+++ INFORMATION SUPPLIED

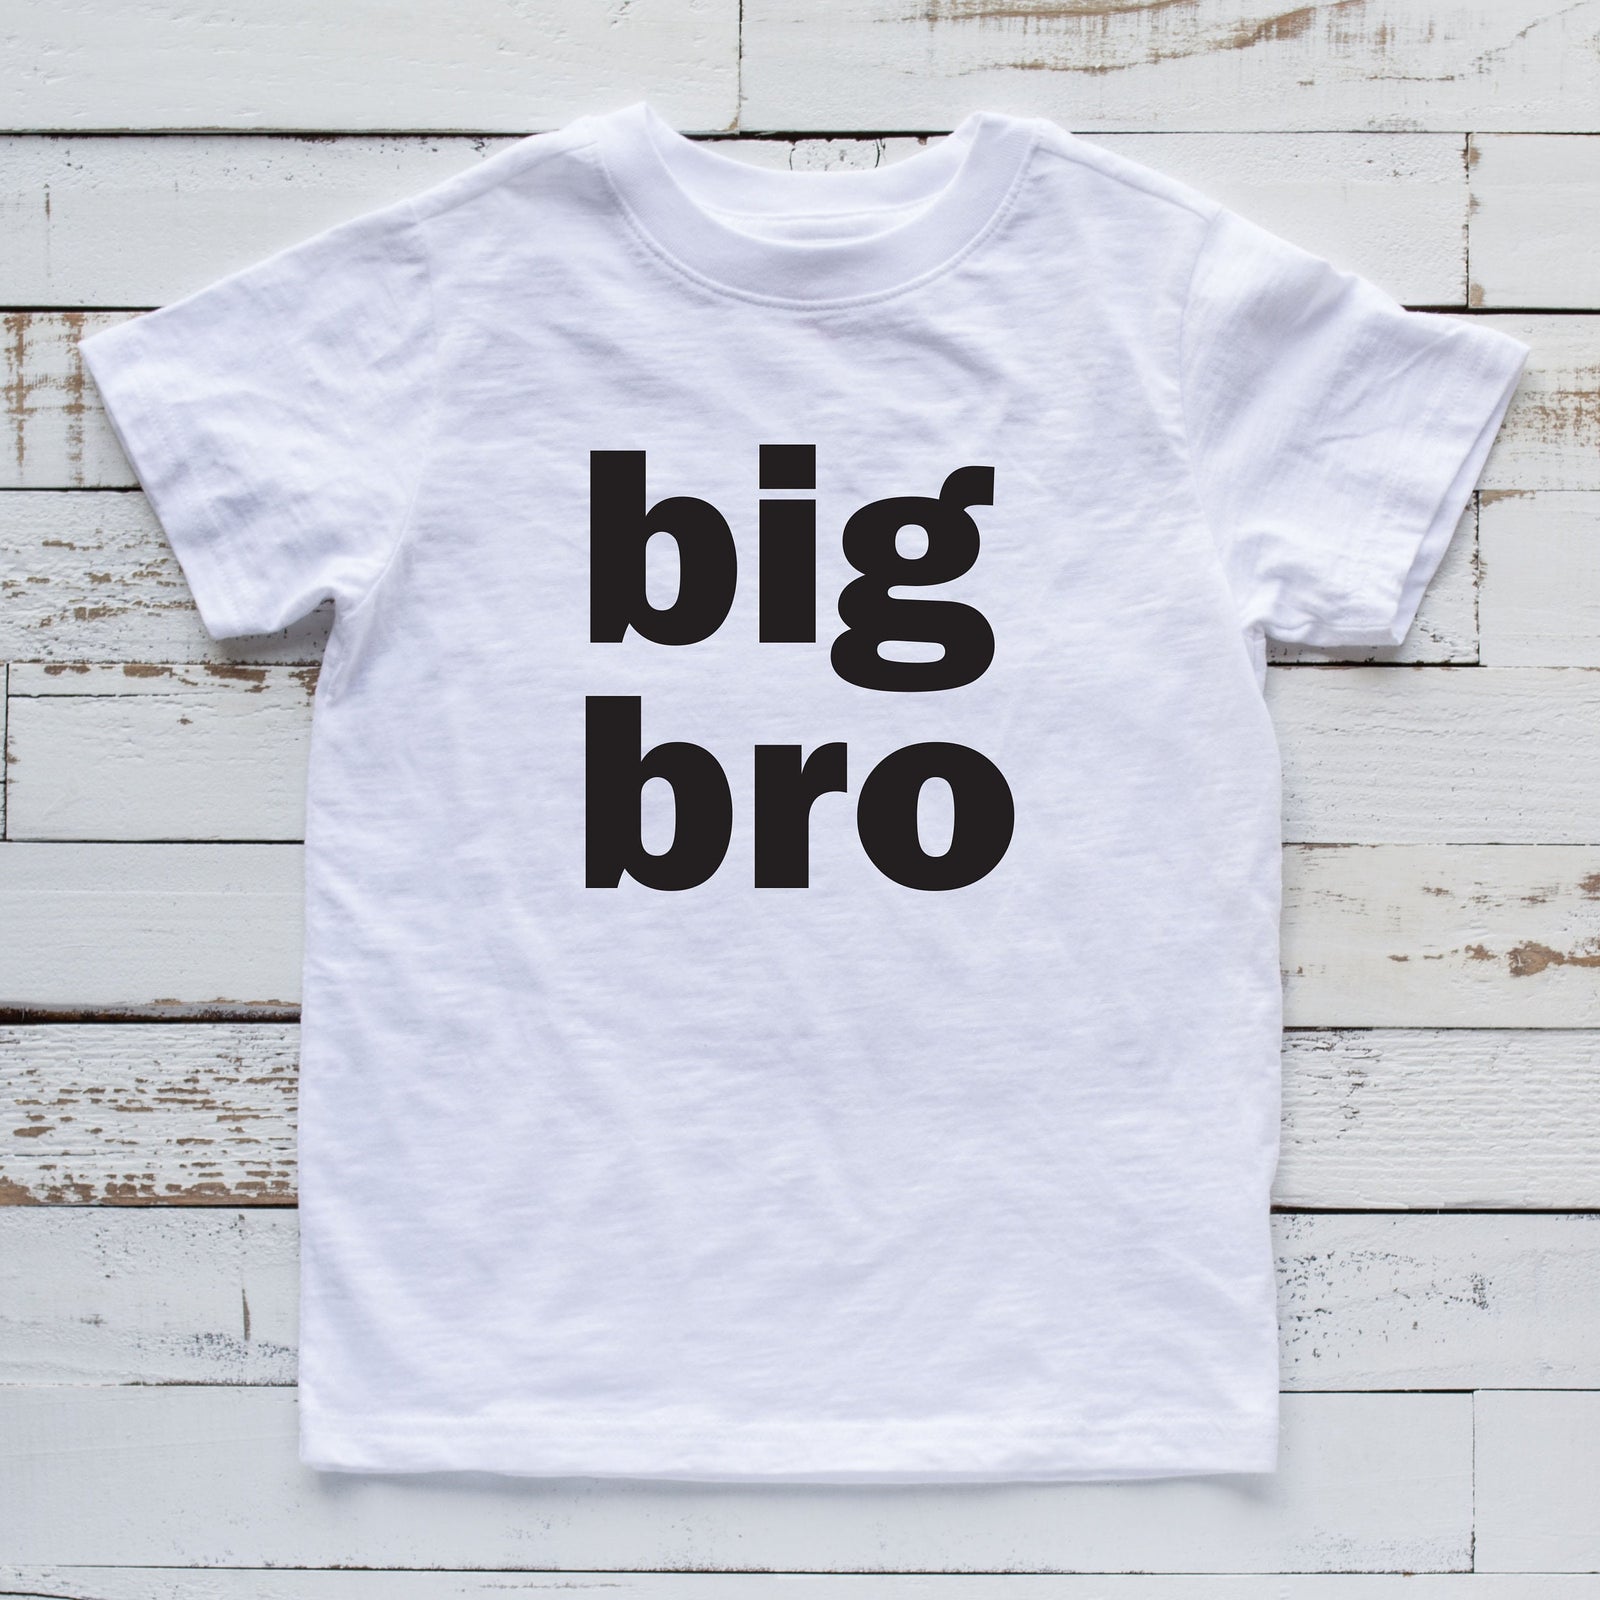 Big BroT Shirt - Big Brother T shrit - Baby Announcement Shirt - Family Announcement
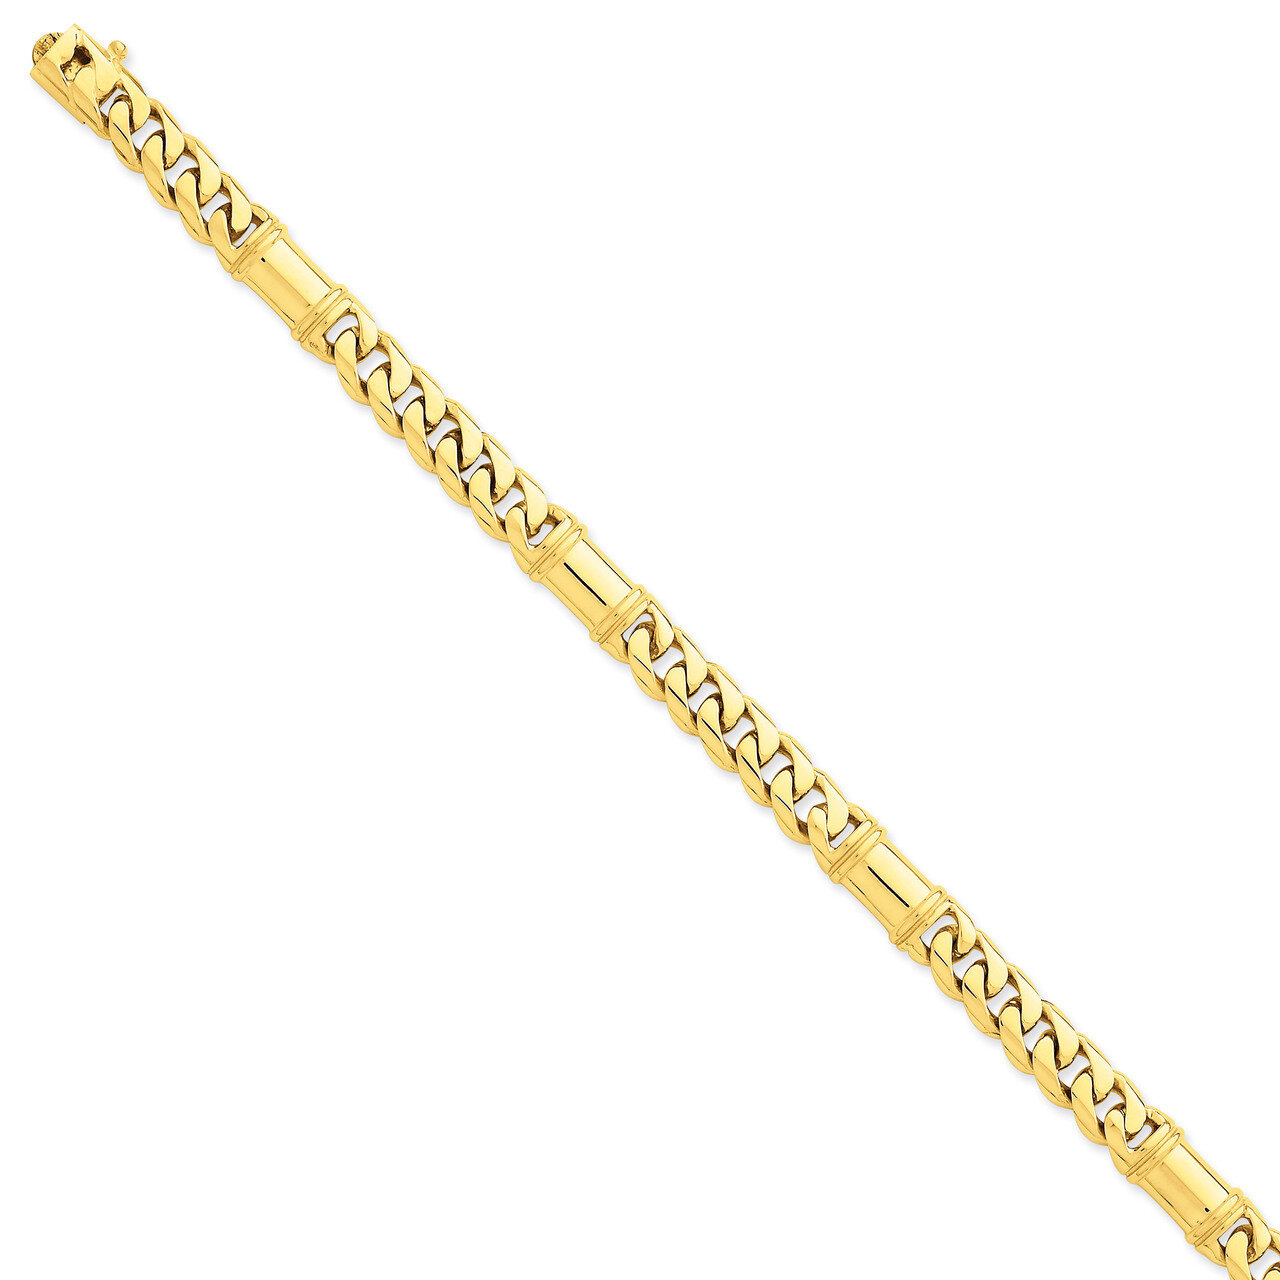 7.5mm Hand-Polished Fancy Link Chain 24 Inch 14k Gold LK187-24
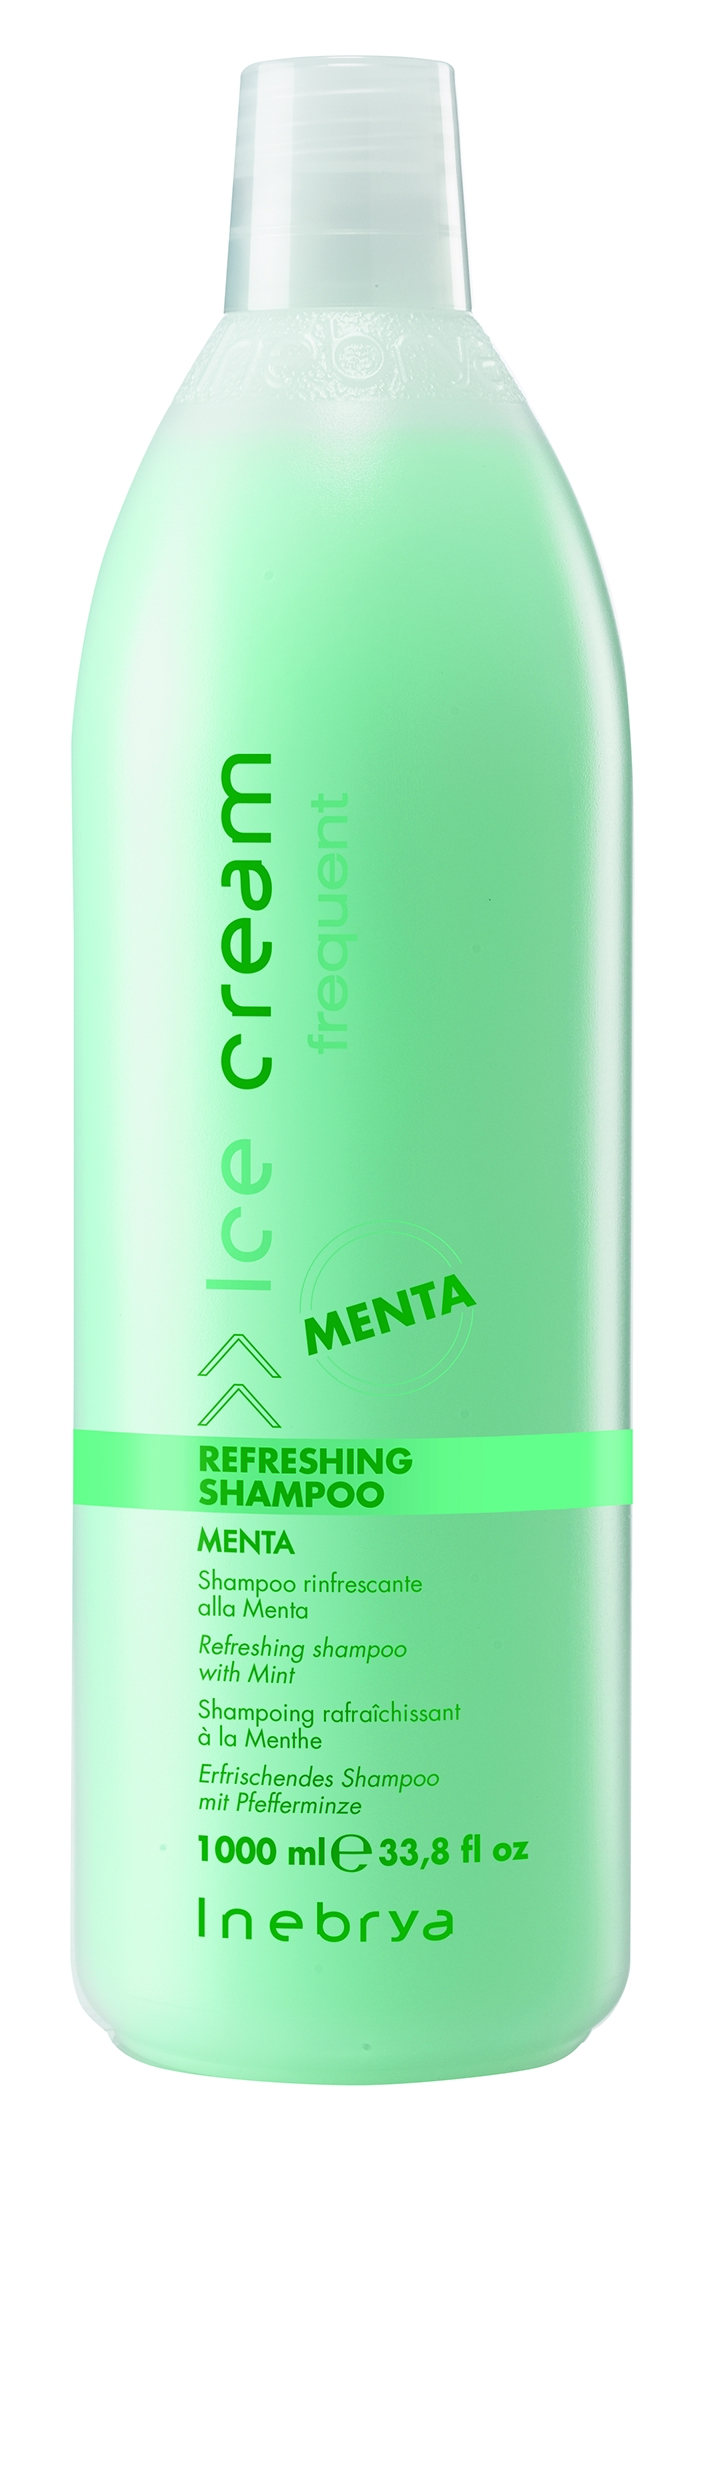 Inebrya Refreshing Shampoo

++++++

From the material above, copy everything exactly but the pictures.

 Big BroT Shirt - Big Brother T shrit - Baby Announcement Shirt - Family Announcement
 7.5mm Hand-Polished Fancy Link Chain 24 Inch 14k Gold LK187-24
 Inebrya Refreshing Shampoo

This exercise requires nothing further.